3. Meet the French Royal Style: Philippe d'Orléans

Did you know that Louis XVI was a huge lock-picking expert? Louis XV’s favourite animal was his white angora cat, while his mistress Madame de Pompadour (whose name rhymes with amour) kept chickens in the gardens of Versailles. Get to know the quirky characters of the French Royals, Emperors and rulers that inspired many of the beautiful styles that you find in our store!

Did you know that Philippe d'Orléans once treated himself to the world’s most dazzling impulse buy? A 141-carat cushion-cut stunner, now famously known as Le Régent. When it came to taste, the man didn’t just have flair—he had flamboyance!

Article: 3. Meet the French Royal Style: Philippe d'Orléans

3. Meet the French Royal Style: Philippe d'Orléans

Ah, Philippe d'Orléans—France’s most cultured understudy. He may not have been born to rule, but when the Sun King left the stage, Philippe took the spotlight as Regent from 1715 to 1723, and mon dieu, did he leave his mark. A military man turned polymath playboy, Philippe did it all: fencing by day, composing operas by night, and picking up a 141-carat diamond in between. Yes, Le Régent, that glittering cushion-cut rock, now sits in the Louvre—because subtlety was not the vibe.

Philippe wasn’t just a statesman; he was a full-blown aesthete. Violin in one hand, paintbrush in the other, he played at life like a courtly Renaissance man with a powdered wig and excellent taste. His cultural obsessions translated directly into interiors: lush, intellectual, and ever so slightly more relaxed than his uncle Louis XIV’s all-eyes-on-me Versailles theatrics.

Furniture Style: The Régence

Now for the main act: the Régence style, that dreamy in-between moment when furniture started loosening its corset. Think of it as the afterparty to Louis XIV’s strict formality—still elegant, still symmetrical(ish), but with curves that suggest someone had a little too much Champagne and a touch of inspiration from the East.
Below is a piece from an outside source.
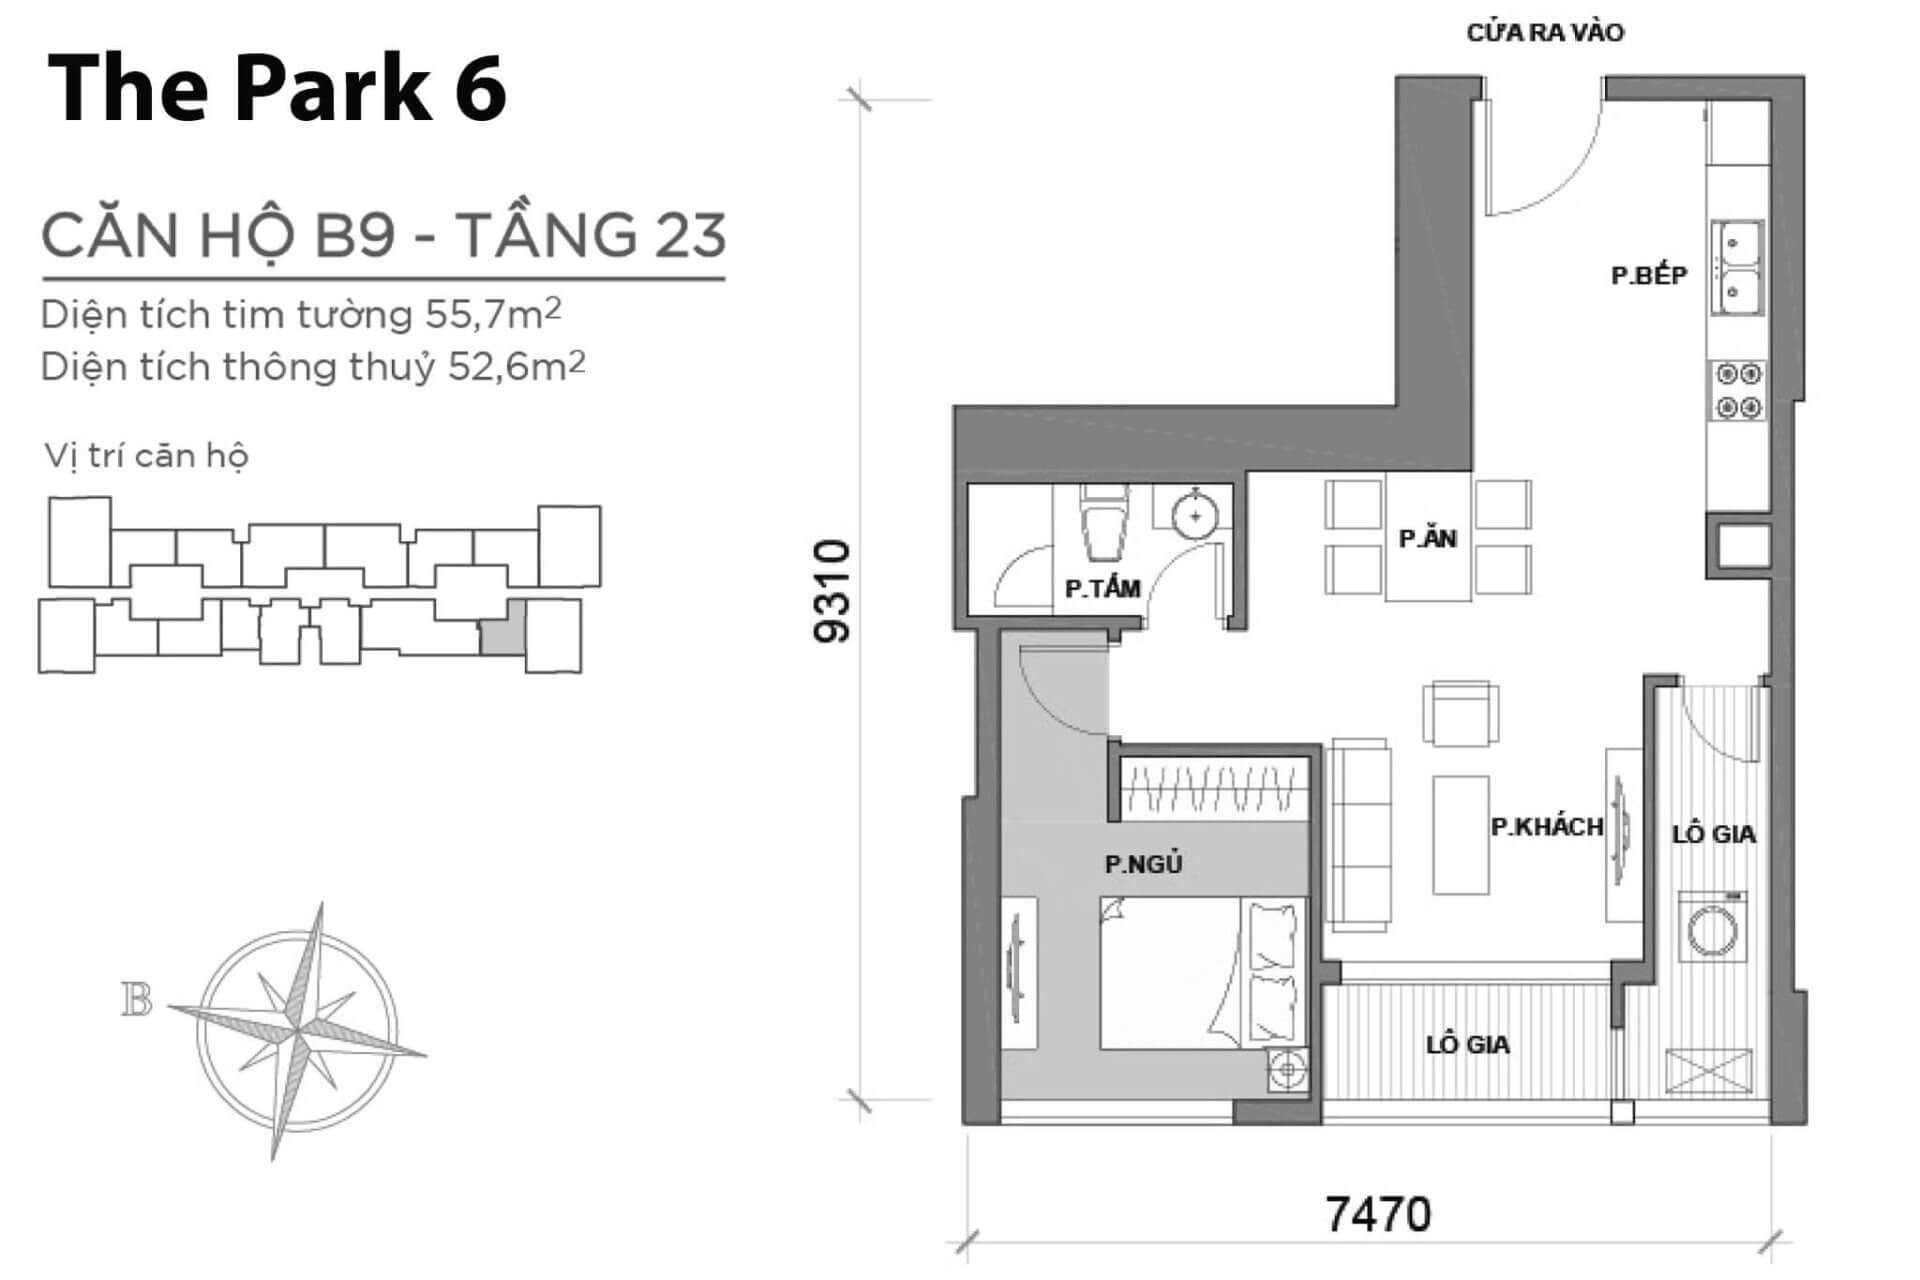 mặt bằng layout Park 6 căn hộ B9 P6B-09 tầng 23

Out with rigid pomp, in with fluidity and whimsy. Lines softened. Decoration danced. Asymmetry flirted its way into the design room. And suddenly, what was once stiff became oh-so-chic.

Wood-wise, walnut still reigned, but exotic woods started turning heads—think rich veneers and daring marquetry. The craftsmanship became more painterly, more emotional.
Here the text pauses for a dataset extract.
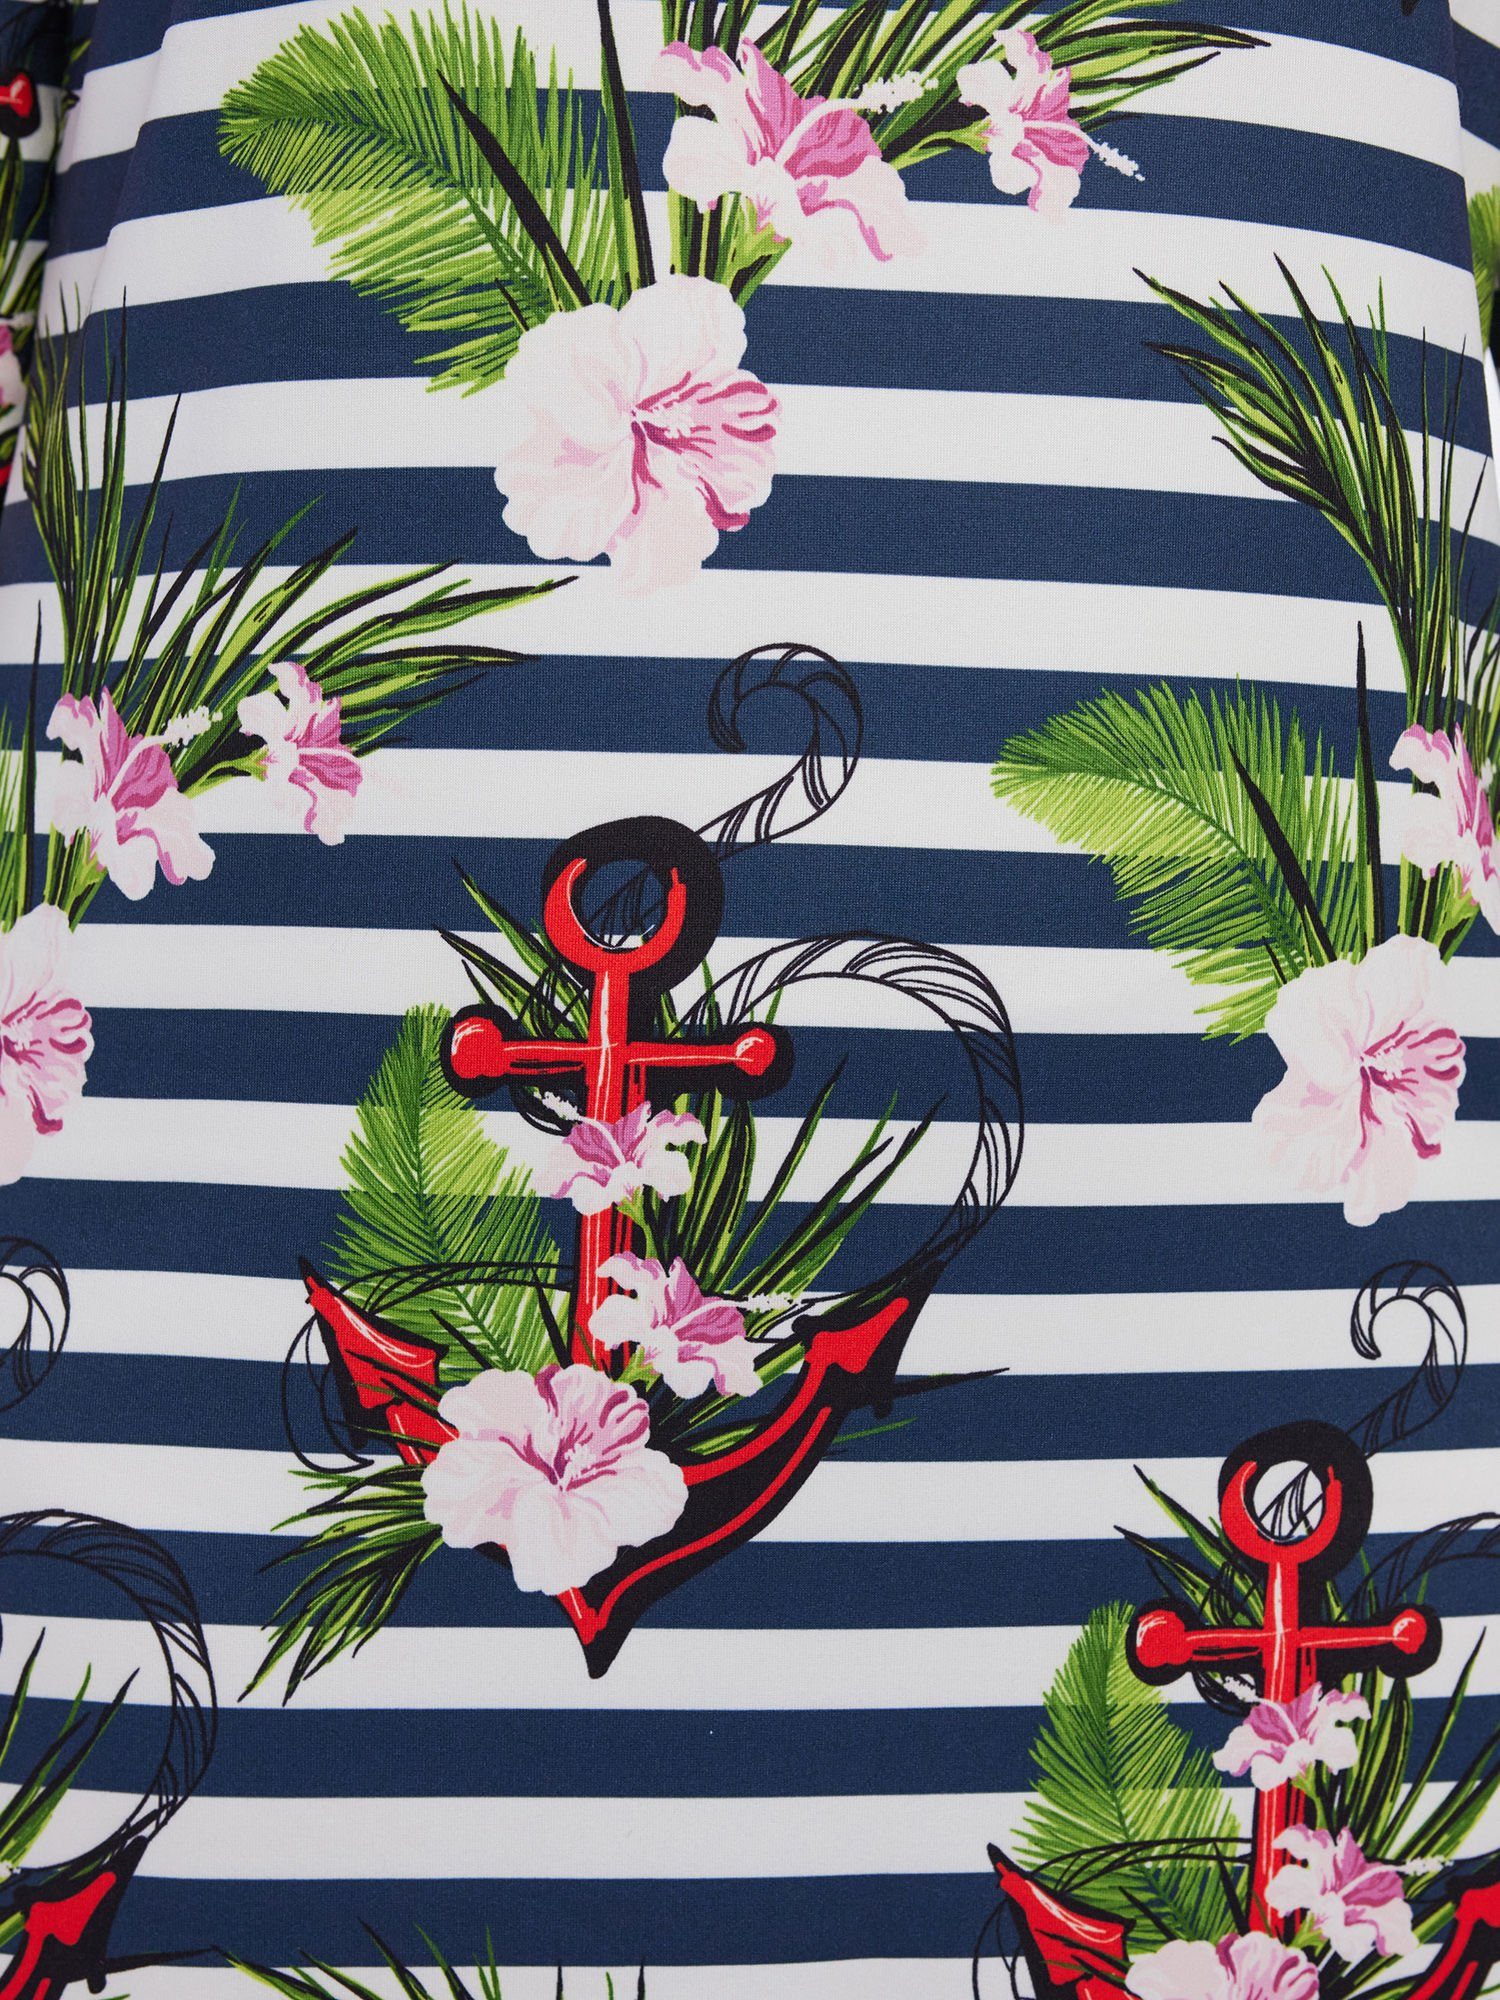 mit Streifen Nachthemd elastisch Belli Sleepwear Beaux und Blumenprint

Comfort finally mattered (cue a collective sigh of relief from all derrière across France). Upholstered chairs and sofas became lush and inviting, with softly padded backs and bombe silhouettes you’ll want to run your hands over. And yes, those legs—the cabriole was having a major moment.

Enter the bureau Mazarin: the it-desk of its day, all hidden compartments and flamboyant marquetry. It was where secrets were penned, affairs arranged, and a bit of bookkeeping happened too (we assume).

Motifs? Shells, vines, Asian flourishes—this was the dawn of rococo, the preview before the pastel explosion of Louis XV. You could say Régence was the intelligent older sister: worldly, well-read, with impeccable taste and a weakness for chinoiserie.

In Short...

The Régence style is the moment French furniture took a deep breath and sighed, “Let’s have a little fun.” It’s transitional but transformative—bridging the gilded solemnity of Louis XIV with the curvaceous, coquettish flair of what was to come.

At Wildschut Antiques, we love a good in-between era. It’s where the rules begin to break, and beauty starts to whisper instead of shout. And let’s be honest—who doesn’t want their interiors to feel like they’ve just stepped out of a Parisian salon in 1720, diamond in pocket, scandal in tow?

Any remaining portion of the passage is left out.